The news that I didn't think I'd hear in a long time.

H had died.

They had thought that the concussion was minor, but turns out it was a brain bleed. When they did the X-ray exam they didn't find any evidence of a brain bleed, but when they did find out, it was to late.

The worst part is, nobody was there with him when they found out. Rusher, Tybzi, And Graser had left awhile after I did. I blame myself completely for not staying. I was so jealous that I wanted to leave so he didn't pull her into his spell. I'm so in love that I couldn't bear the sight, even though I was suppose to be there for H, my mind was somewhere else. So I am now sitting on my bed staring blankly at a wall, drowning in tears. I tried to call Bloom after she left, but she wouldn't answer. I'm here alone. Karma, right?

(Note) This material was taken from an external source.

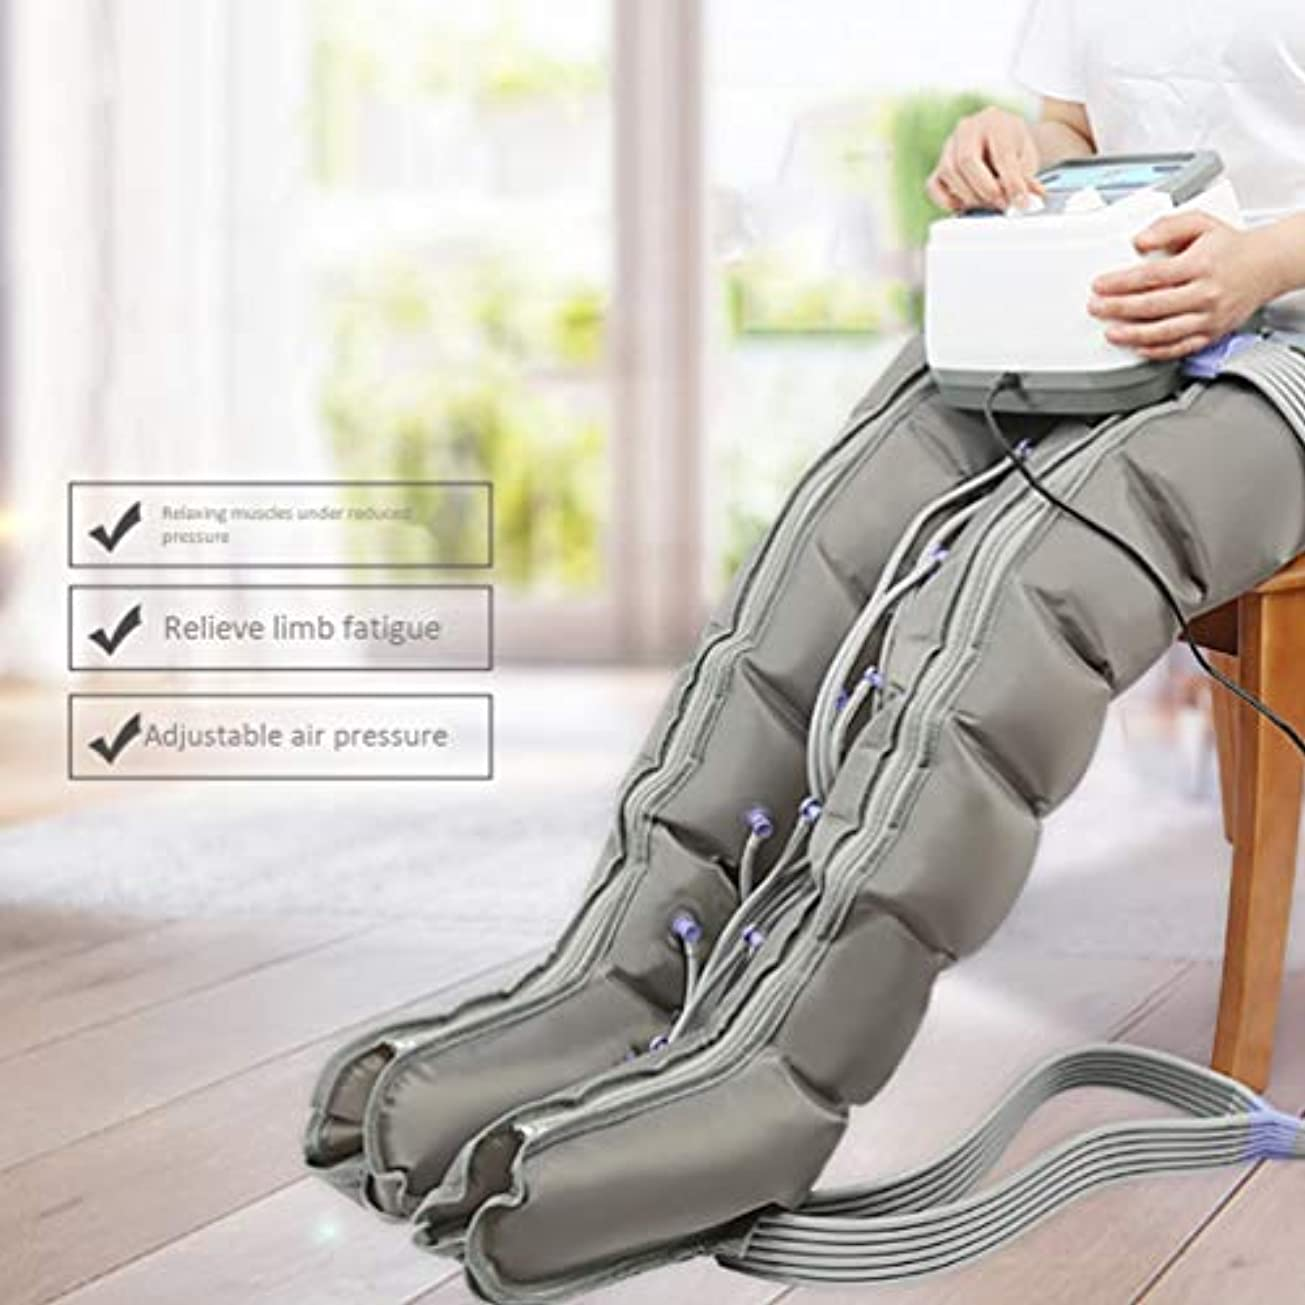 認可近傍驚かす空気圧縮脚マッサージ機足とふくらはぎの足の太もものマッサージでふくらはぎの循環ブースターは腫れや浮腫の痛みを助ける(6つのキャビティ)

I'd like to think that H is still alive, deep down inside. But, I know he's not, I've accepted that already. I've went through that stage of grief. I've already went though shock, and now I'm in sadness.

"Parker, I need to tell you something." Graser says sniffling.
"What is it you ugly robot?" I joke.
"Well, there's no good way to put this." Graser says.

"Alright, just tell me." I'm scared.
"H, he's.. Dead." Graser starts sobbing.
"No, your kidding, please tell me your kidding." I beg.

"I'm sorry Parker, I'm truly sorry."
Graser says.

"There's no way! I saw him yesterday! Your lying to me! He was perfectly fine!" I shout to him, not believing him.
"Your invited to the funeral." Graser's joking, right?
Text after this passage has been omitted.